PRH:How have these heroines, or their authors, shaped your life as a writer?

SE: Anne of Green Gables made me a writer. I was always told I had an overactive imagination, and then I found her, and she did too, and she used it to become a writer, and I decided I would too. Marjorie Morningstar made me love the theater; I am (mostly) a playwright. And recently I’ve been very inspired by Scheherazade, the heroine of One Thousand and One Nights, who saves her own life, and those of the women of her kingdom, through storytelling.

PRH:Your desire to be a writer runs strong throughout this memoir, and you have experience as a journalist and a playwright. What was the process of writing a memoir like? Are there any similarities to writing a play?

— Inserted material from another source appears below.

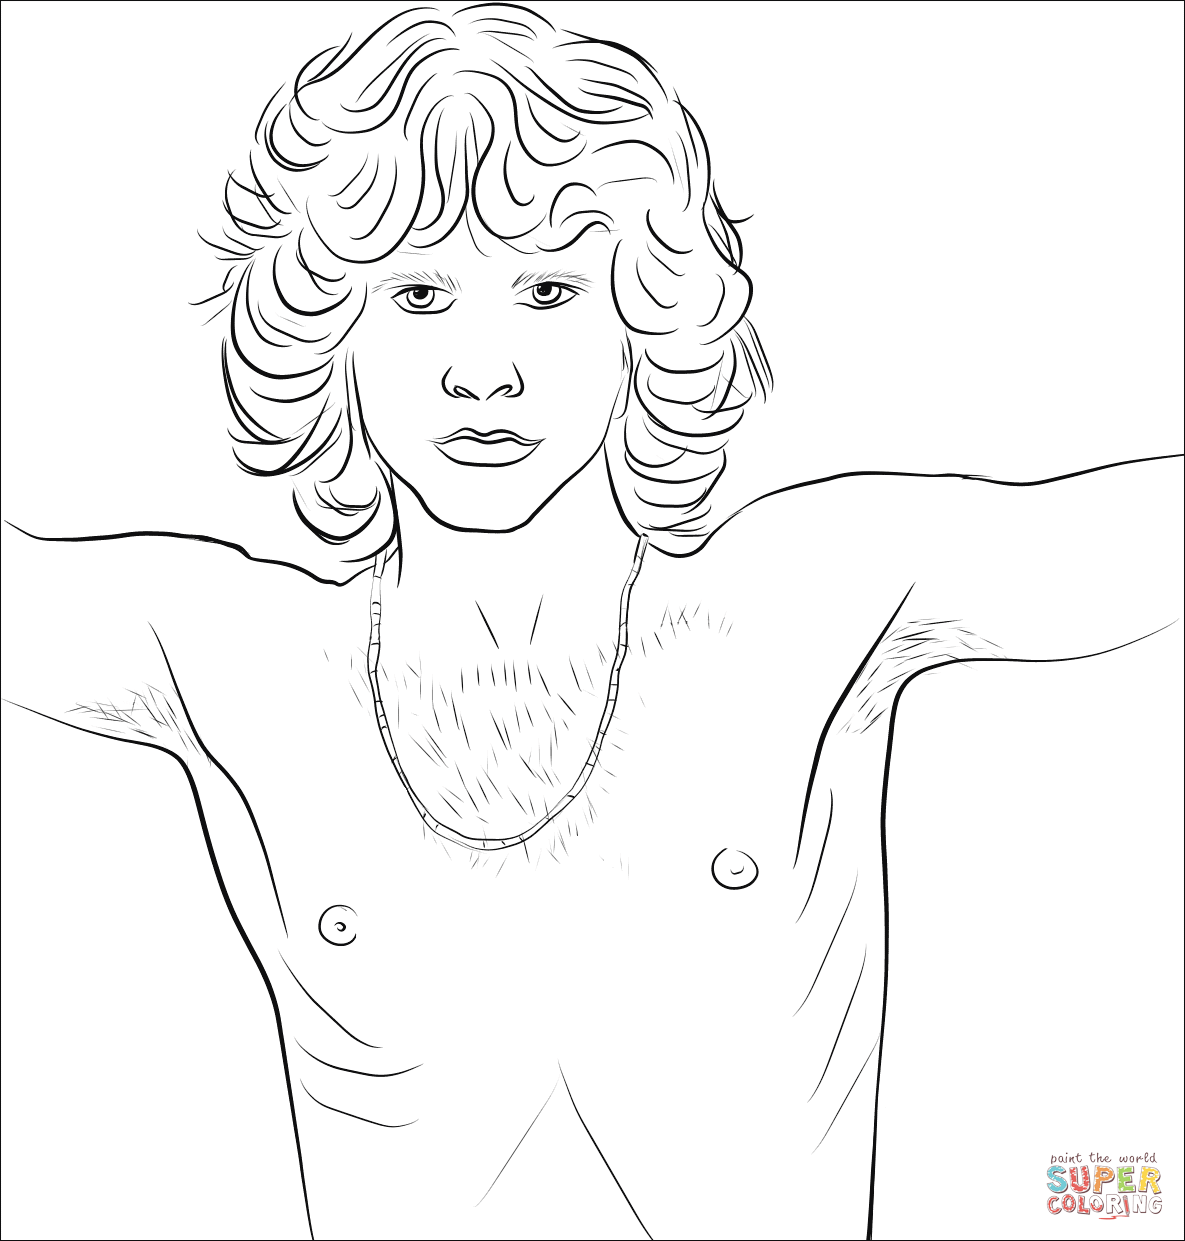 Jim morrison the young lion coloring page free printable coloring pages

SE: I began this book almost by accident, but once I’d started, I really enjoyed writing it. It was lovely to have more room (plays are so much shorter than books) and to write in one voice rather than the voices of several characters. When I did a reading of some of it last year, an actor friend of mine said it was a dramatic monologue, so I suppose that’s one similarity. One big difference was that I realized I’d forgotten all my adjectives! In the kind of plays I write, they don’t come up that often, as the dialogue is fairly realistic and simple. So that was hard … but I like a challenge and I have a very good thesaurus.

PRH:What is the most valuable lesson you have learned from “reading too much”?

SE: I think Nora Ephron was right; it’s important to “be the heroine of your own life, not the victim.” I’ve often felt muddled and unheroic, but my heroines taught me to try to get past the stories other people write for me, and never get trapped in fictions of my own making; to try to write the story of my own life, not on paper but by living it.